• GOAL OF THE EXERCISE
The line with "Euro Sham Decorative" marks the first line to copy, and the line with "refinishing hardwood floors-2" marks the last. Transcribe that stretch of the data below exactly, without pictures.

• PROVIDED RECORDS
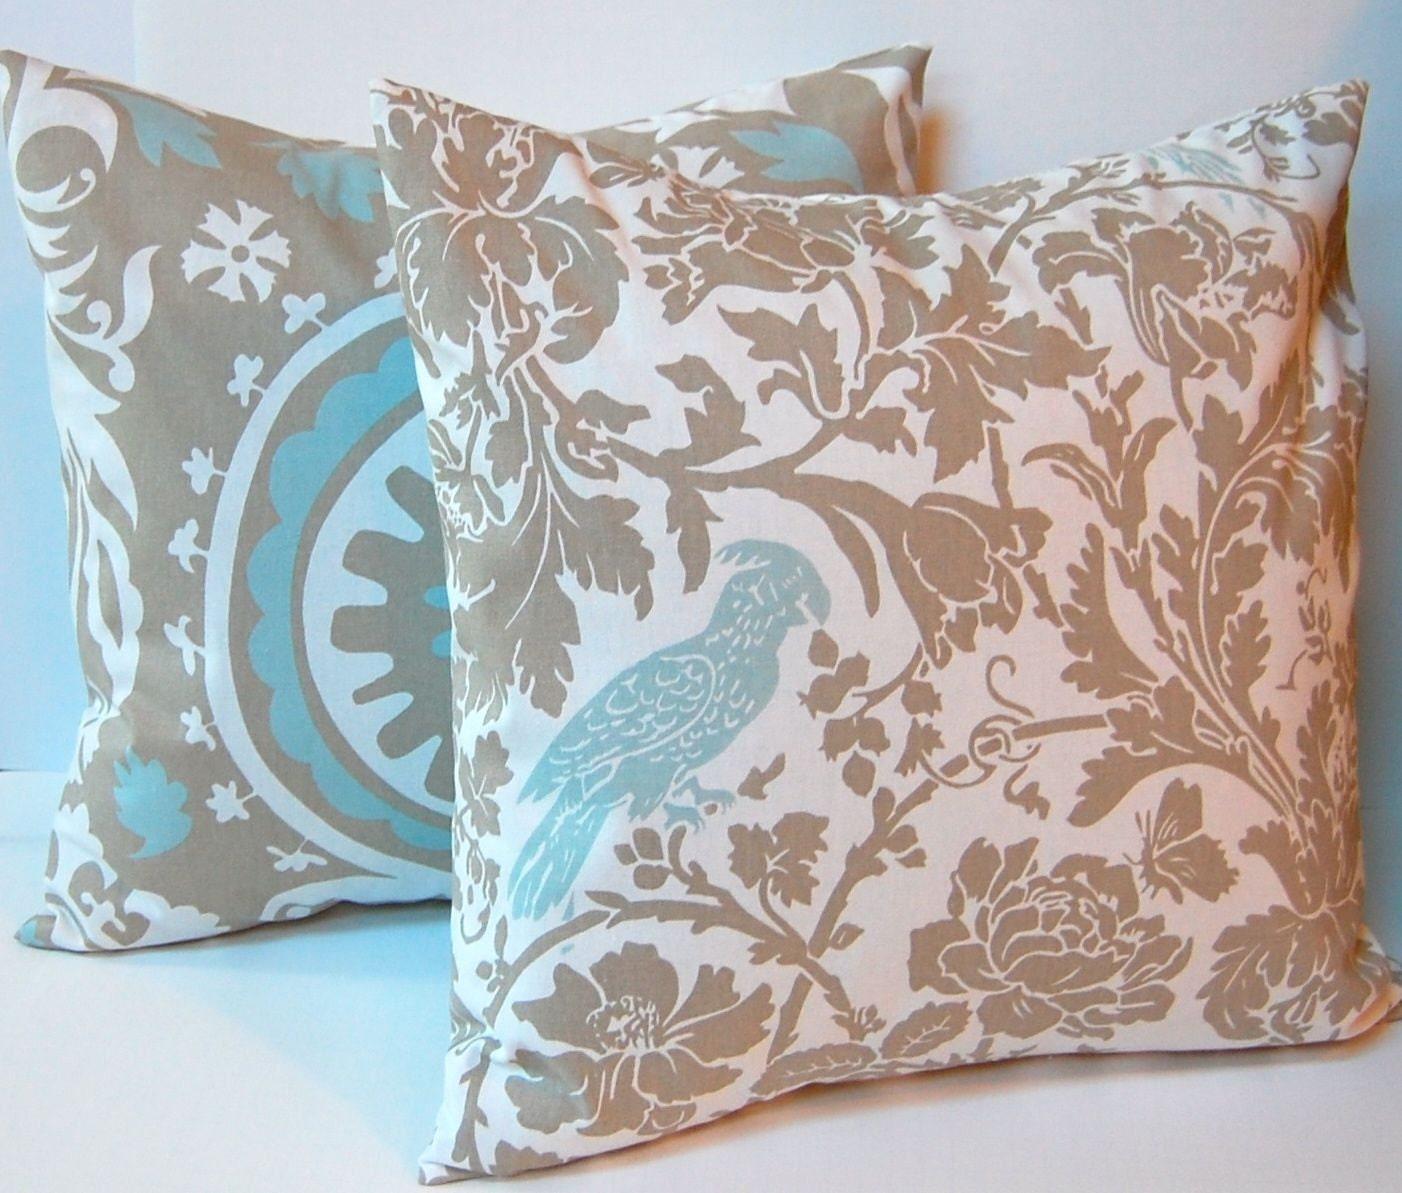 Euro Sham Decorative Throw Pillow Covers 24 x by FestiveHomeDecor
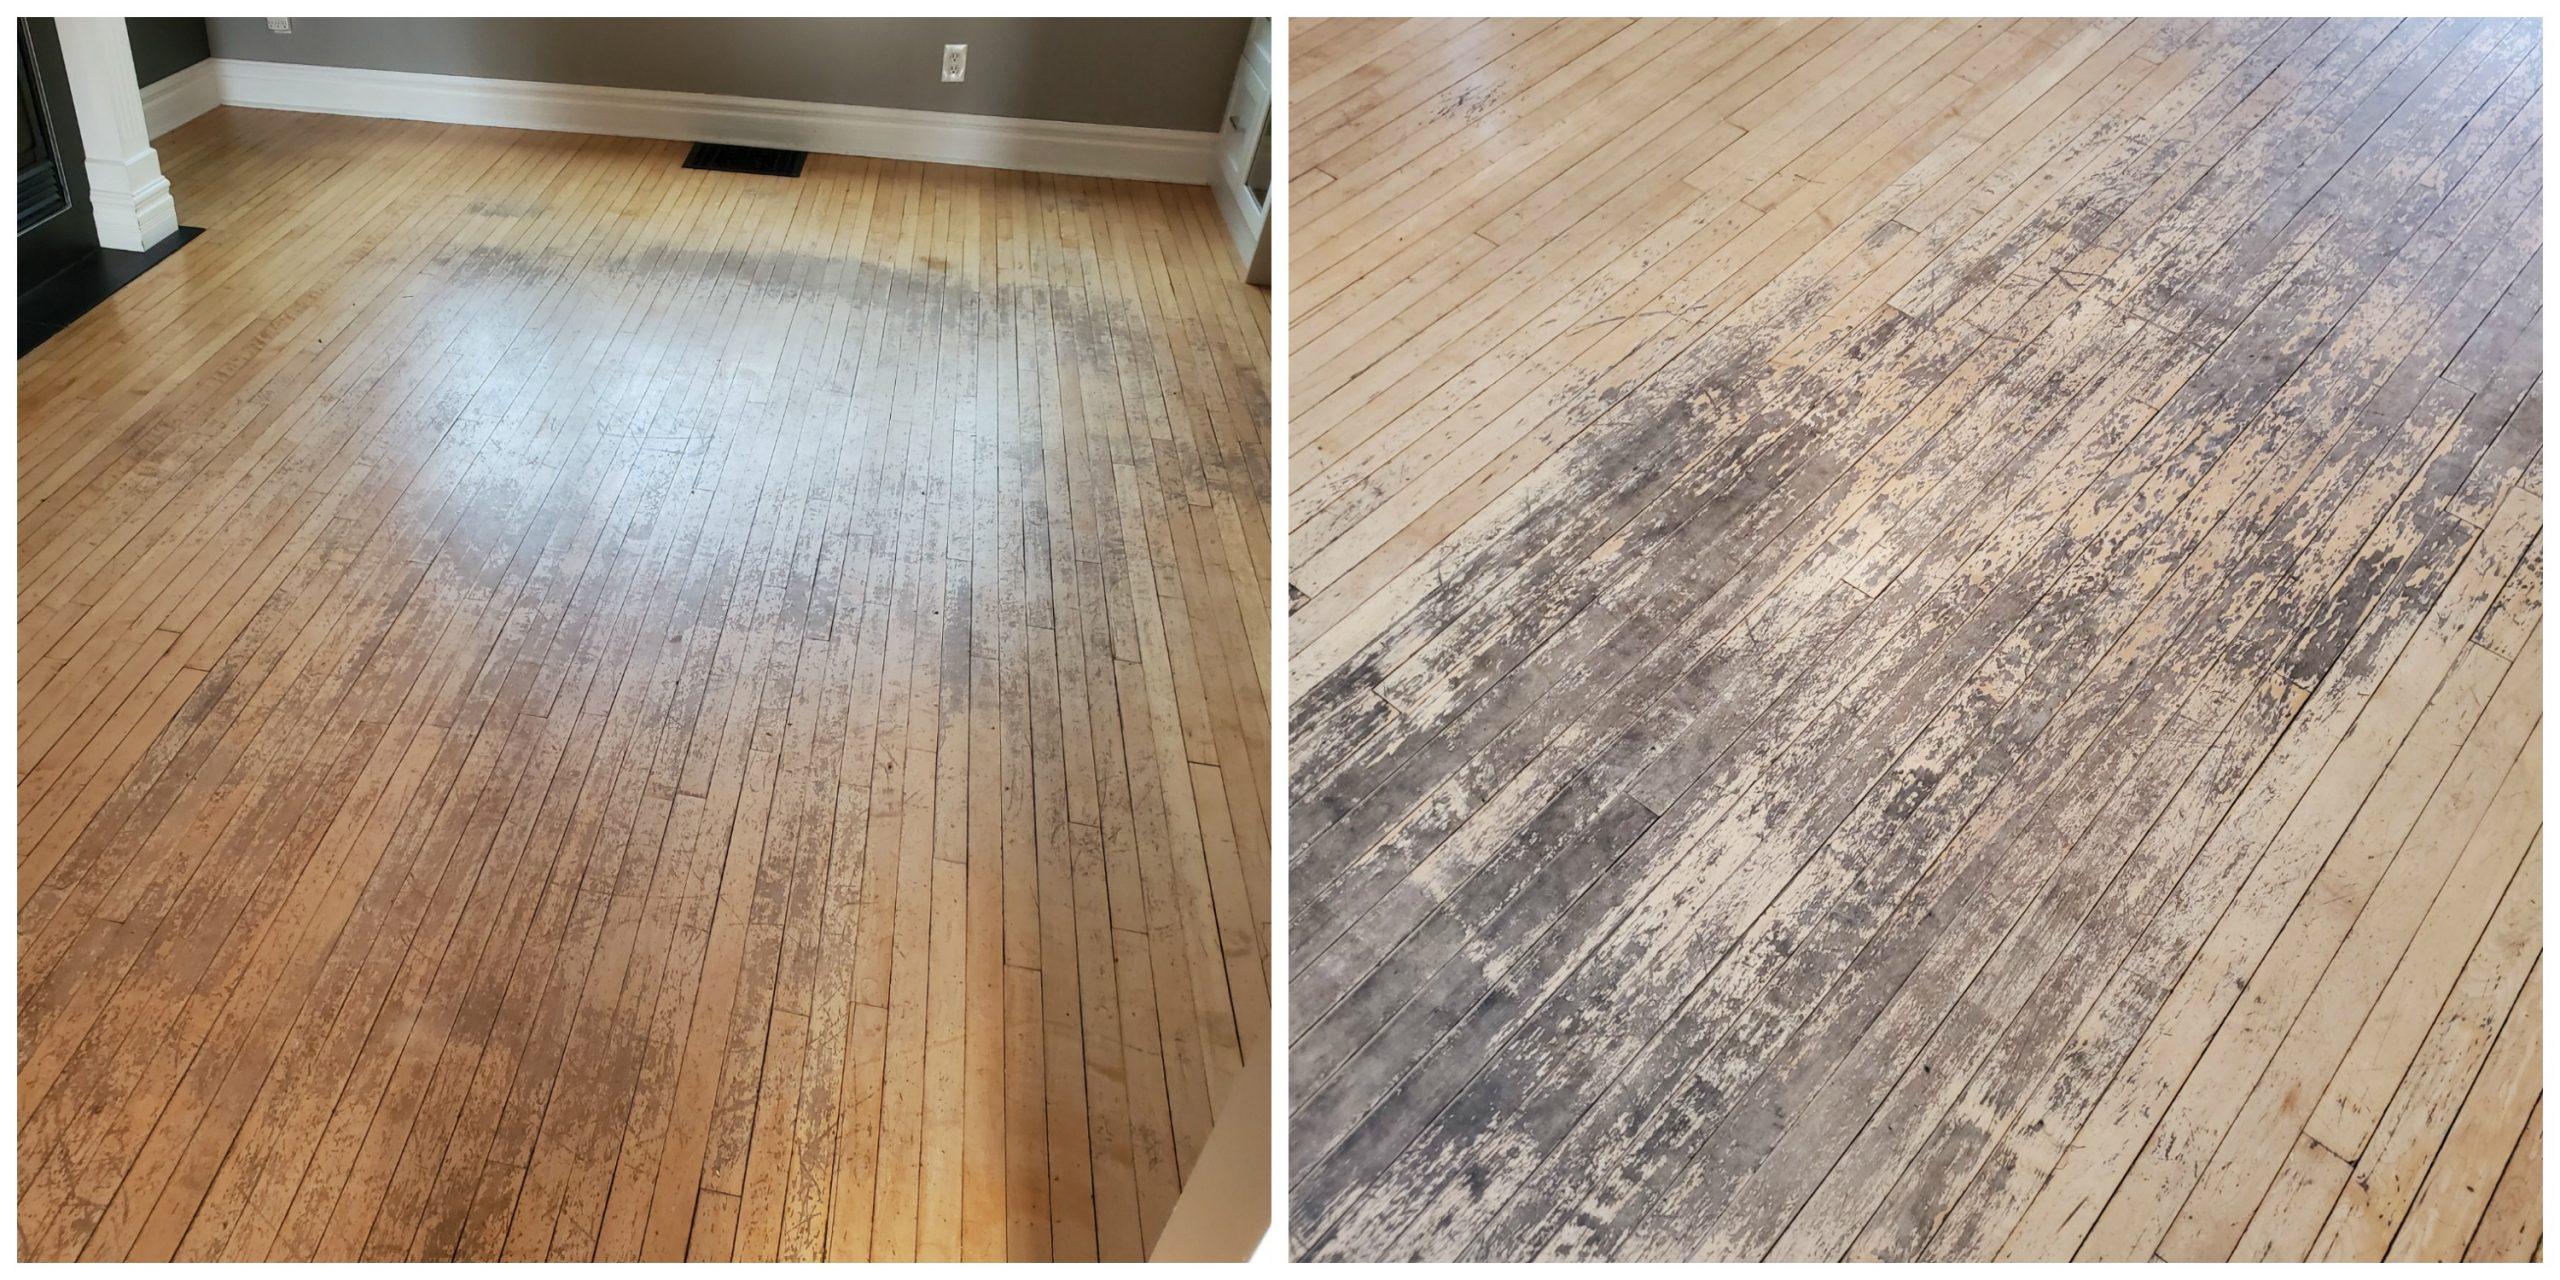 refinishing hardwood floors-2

...

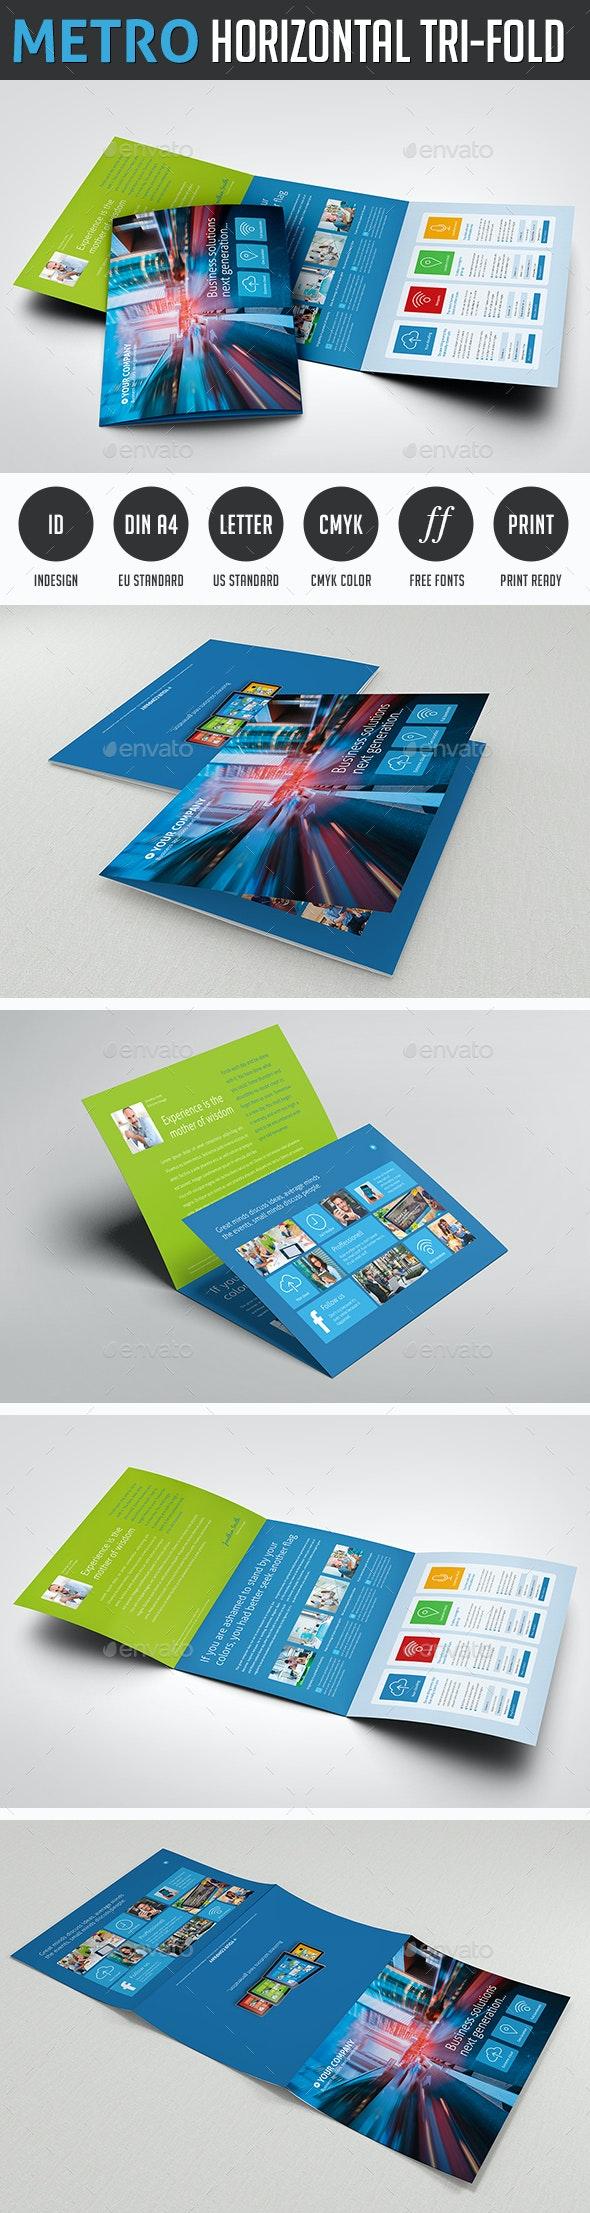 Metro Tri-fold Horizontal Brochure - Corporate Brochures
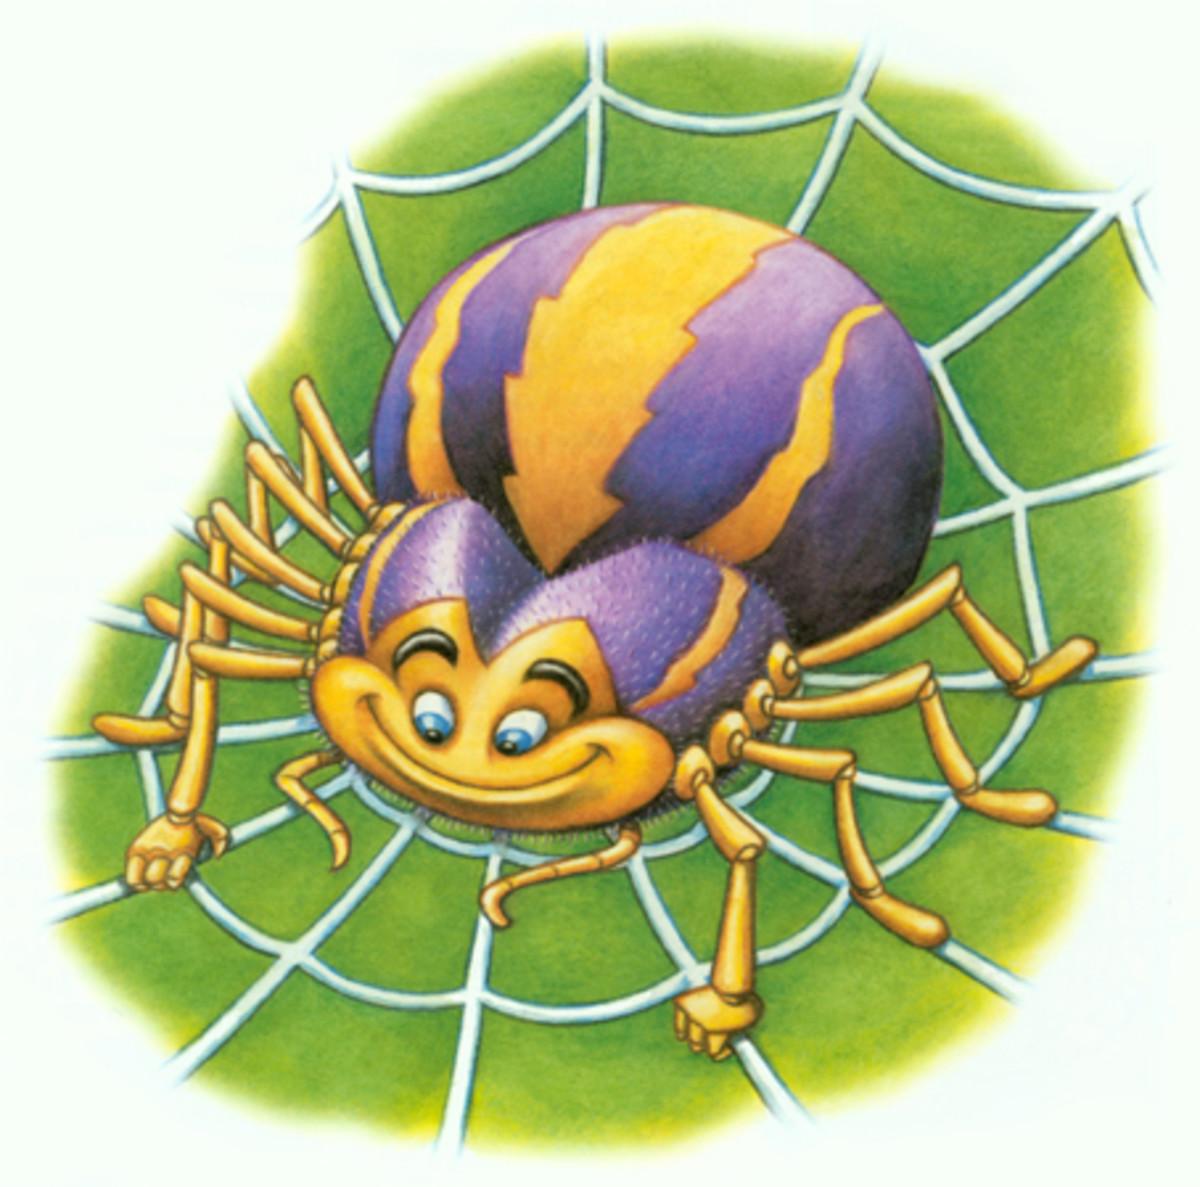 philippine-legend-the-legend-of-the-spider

• FINISHED TASK
 Euro Sham Decorative Throw Pillow Covers 24 x by FestiveHomeDecor
 refinishing hardwood floors-2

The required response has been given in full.